- Born: 1952 (age 73–74) Fargo, North Dakota
- Education: California College of Arts and Crafts
- Known for: Mixed media collages, murals
- Notable work: "Archetypes of the Feminine" series, Benediction, Hollywood Walk of Fame Doors Project, and led painters at Pomona Envisions the Future
- Website: www.kriegartstudio.com

= Susan Krieg =

American artist (born 1952)

Susan Krieg (born 1952) is an American artist known for her mixed-media collage paintings and murals. She created a series, "Archetypes of the Feminine," that consisted of more than 400 mixed media paintings. She has created murals and facilitated the creation of murals, including the Hollywood Walk of Fame Doors Project and Judy Chicago's Pomona Envisions the Future. Her works have been shown on television programs and have been on display at two Trump buildings in Atlantic City.

== Personal life and education ==
Susan Krieg was born and grew up in Fargo, North Dakota. Her interest in art began as young child when she enjoyed coloring books.

Krieg gave birth to a son, Adam, when she was 18 years old. Four years later she attended two semesters at the California College of Arts and Crafts in Oakland, and then worked for a painting contractor where she performed foreman and secretarial duties. Her interests in murals began at this time. Krieg moved to Phoenix where she attended Arizona State University. Interested in psychology, particularly Carl Jung, she switched majors. She received her bachelor's degree from Ottawa University in 1988.

She has lived in Phoenix, Ventura, California, Chicago, Minneapolis, the San Francisco - Oakland, Oregon, and Manhattan.

== Career ==

=== Mixed media works ===
After she obtained her degree, Krieg worked at Phoenix Art Group, a position she obtained when she had been looking for a job in psychology. She created decorative commercial art made by hand painted etching. She had an arrangement that allowed her to create her own work one day a week.

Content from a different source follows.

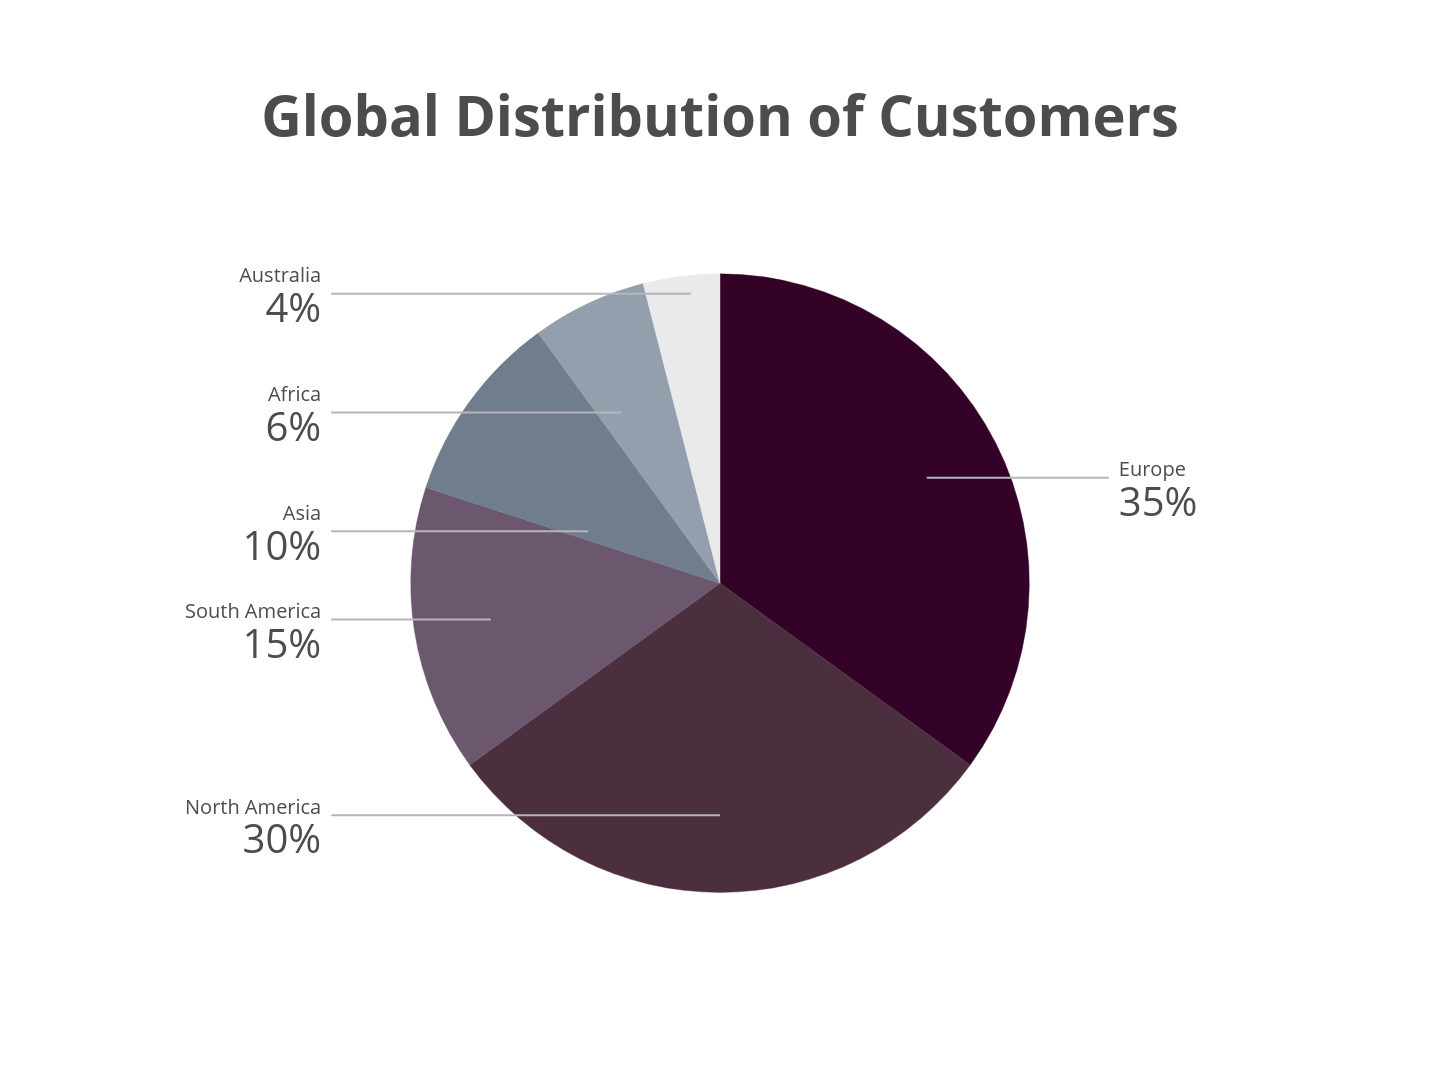 pie chart showing global distribution of customers

Krieg created a series, "Archetypes of the Feminine," that consisted of more than 400 mixed media paintings using found objects, gold leaf, fabrics, papers and drawing media. It was made in 2007 for the Buenaventura Art Association "Trash to Treasure" project. The objects she found for her works included glass, seashells, beads, wine labels, a mesh onion bag or other items. She created pieces with the intention of evoking feelings, as when a mother held her child, which made them relatable to other women. Krieg said the artwork, influenced by Jungian psychology, was made to explore "the unconscious form where we all relate to the same symbolism. If I express something that is part of my psychology, part of my humanness, and you related to it, that is what I am trying to do." Her work was exhibited at the Ventura Visitors and Convention Bureau's Discovery Annex.

The collage and acrylic painting, Benediction is the jacket cover for Writing in the Feminine in French and English Canada: A Question of Ethics.

=== Murals ===
She led artists for the 2002 Hollywood Walk of Fame Doors Project, in which 40 roll-up security doors on the Hollywood Walk of Fame were painted with celebrity images. Krieg created a mural, Home of the Peach, with acrylics. It depicted the harvest of peaches and a large monarch butterfly among peach trees. It is located on Chandler Boulevard in North Hollywood, California.

A 10-by-16 foot mural, Futurama, was made at the historic North Hollywood Train Depot during the 2001 NoHo Theatre & Arts Festival with the aid of about 16 local artists. It was her vision of what the NoHo Art District's presence would be in the future.

In 2008, she led the painting effort for Pomona Envisions the Future, a project initiated by Judy Chicago.

In 2011 she created a mural at the library of the Orange County High School. It depicts communication among people from pre-historic cave drawings through to use the modern means of communication, including telephones and social media. She worked with about 70 students over 6 or 7 weeks to paint the mural using images chosen by the students.

===Other===
Susan Krieg has maintained a studio in Virginia Beach, Virginia. The Krieg Art Studio was founded by her in 1989. Krieg has led workshops on trompe-l'œil in Los Angeles and collage in Montreal.

As of 2008, Trump Plaza (Atlantic City) and the Taj Mahal Casino in Atlantic City had her works on display. Some of her works have been filmed on Time of Your Life, Pacific Blue, and The Young and the Restless television programs.